Your Telehealth setup is probably leaving money on the table


Hey Reader,

Here's something I see constantly with small mental health and wellness practices:

They set up Telehealth during COVID, it worked "well enough," and now it's just... there. A way to keep patients happy.

What it's not being used as is a revenue tool.

That's a missed opportunity — and it's more common than you'd think.

When your virtual care setup is actually dialed in, a few things happen:

You stop losing patients to friction. A clunky intake process, a platform that confuses patients, a link that doesn't work on mobile — every one of those is a patient who reschedules, no-shows, or quietly finds someone else.

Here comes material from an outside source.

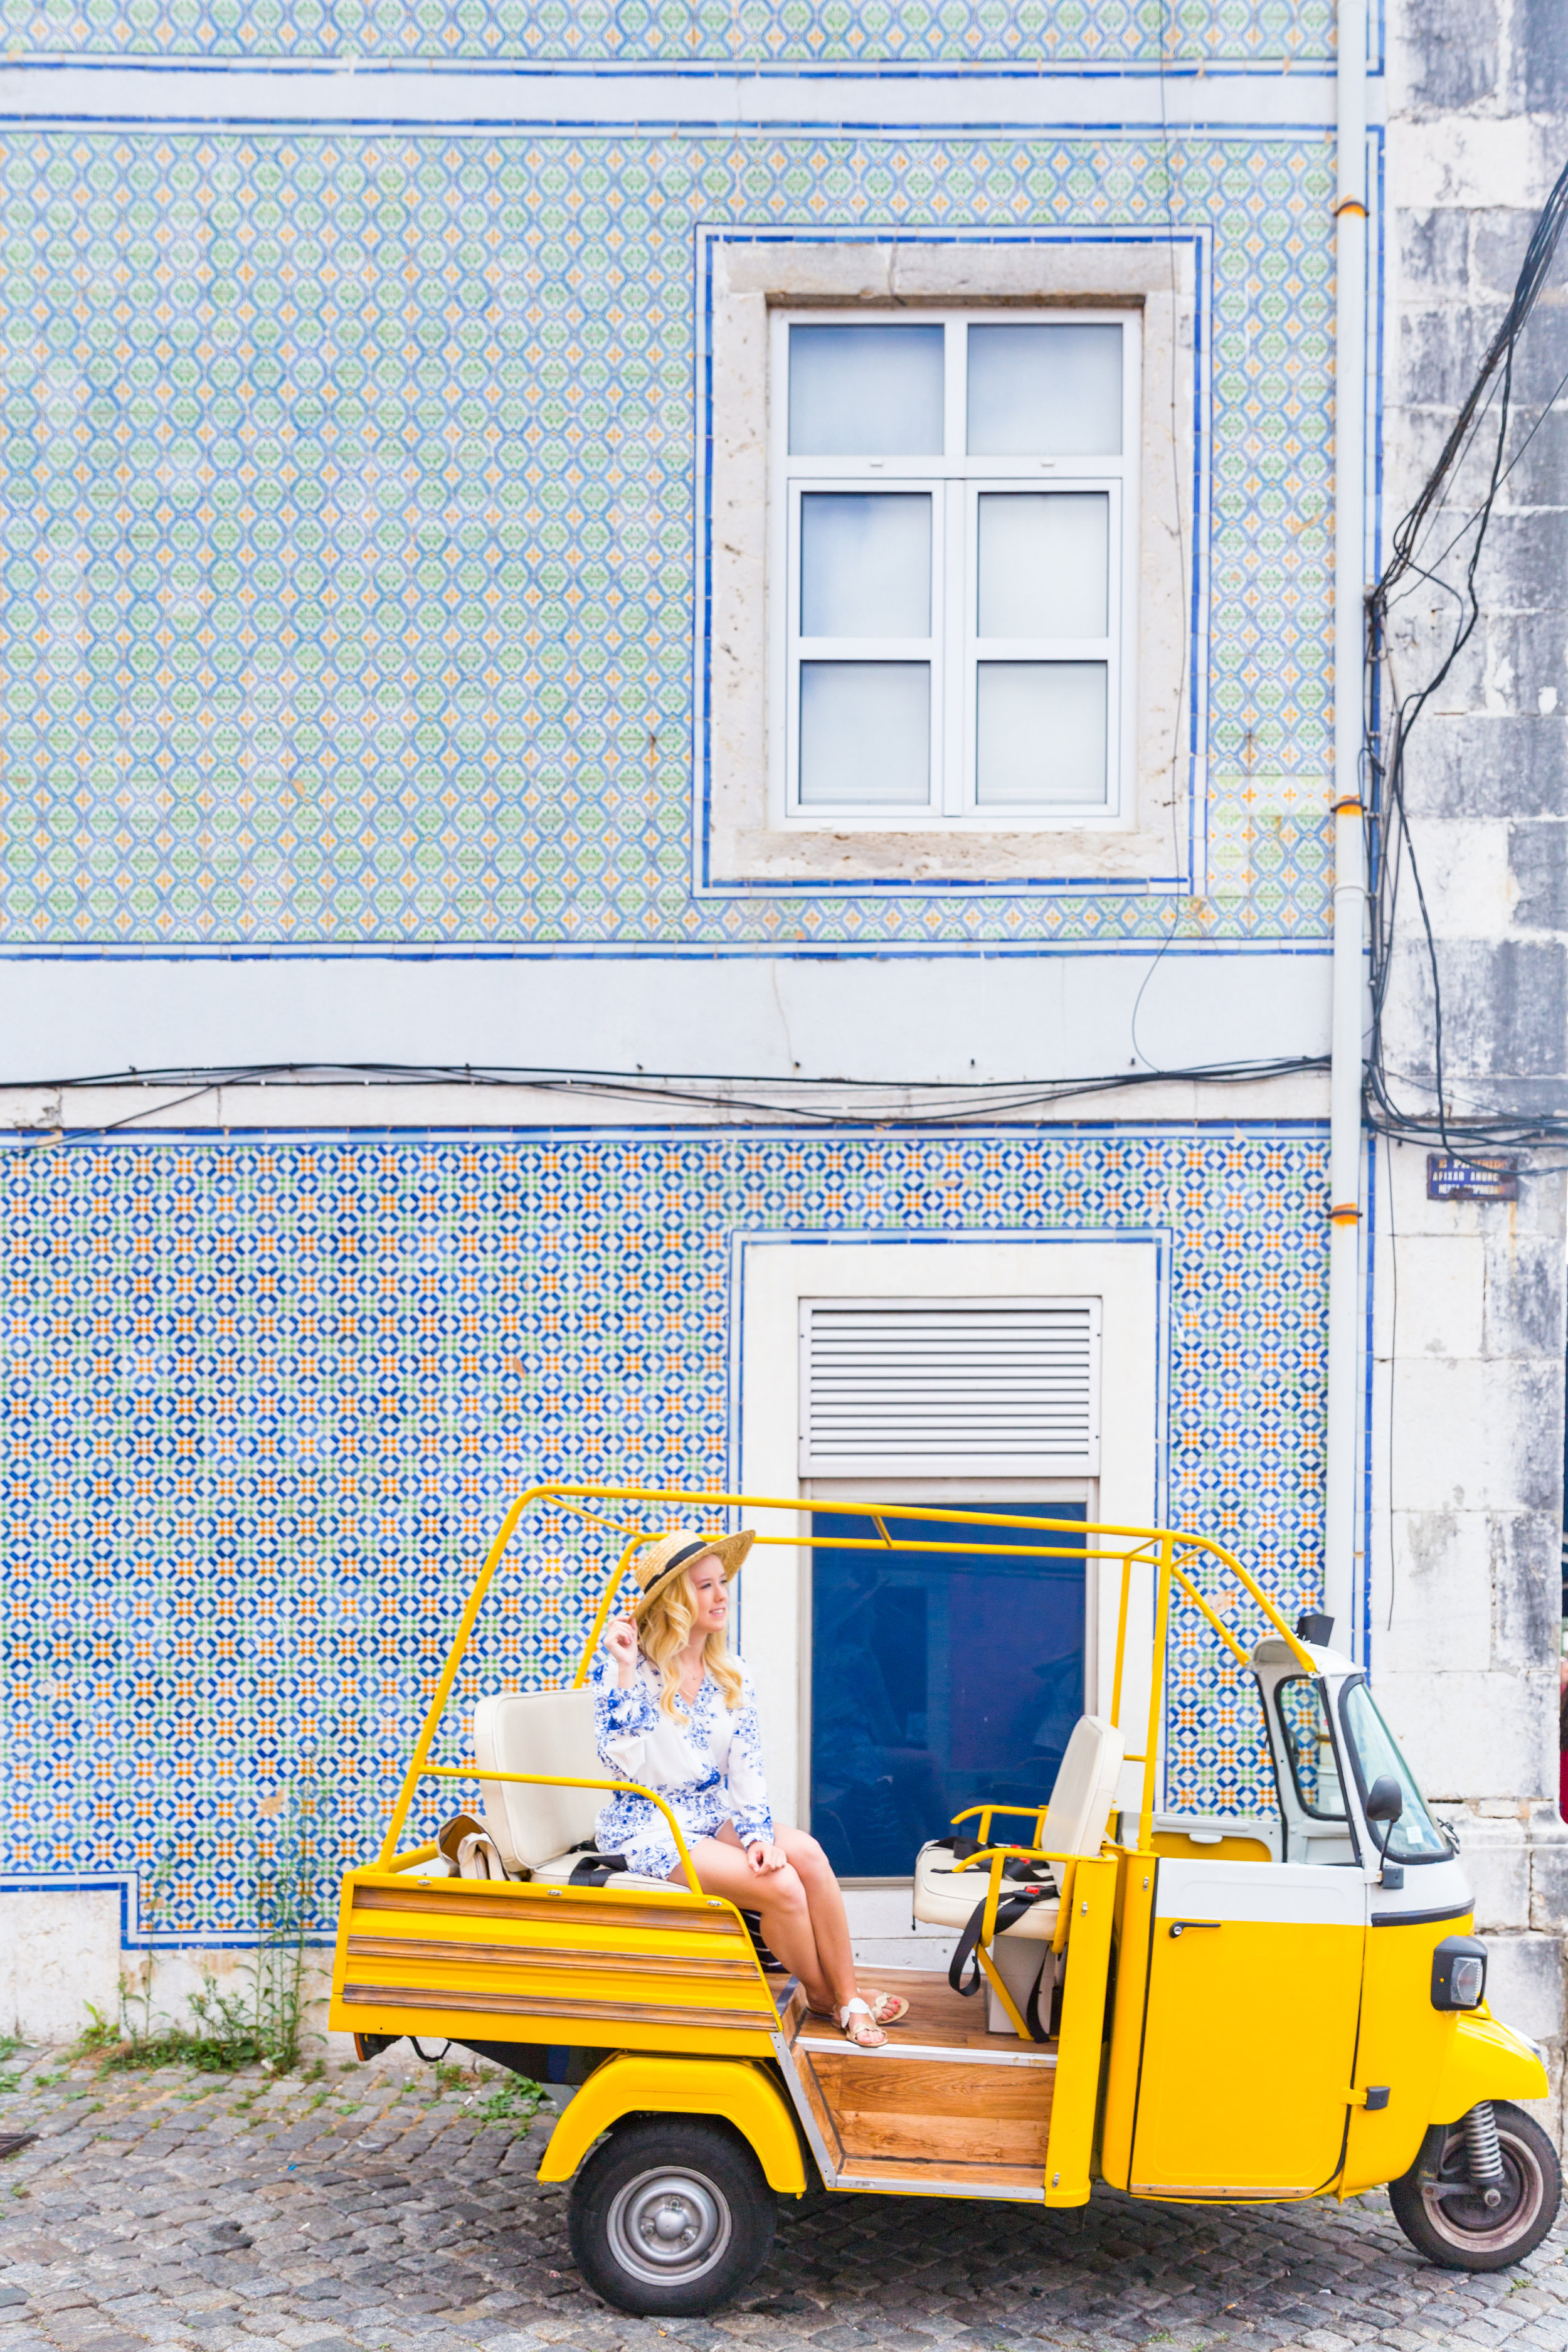 Lisbon Portugal Summer Blue and White Romper Fashion_-2.jpg

A smooth Telehealth experience keeps patients in your ecosystem.

You can see more patients without more overhead. No room constraints. No commute time eating into appointments. Practitioners who optimize their virtual schedules routinely add 4–6 billable hours per week without adding a single square foot of office space.

You become the easy choice. Patients in 2026 expect virtual options. Practices that make it seamless get the referral, the Google review, and the returning patient. Ones that make it a hassle don't.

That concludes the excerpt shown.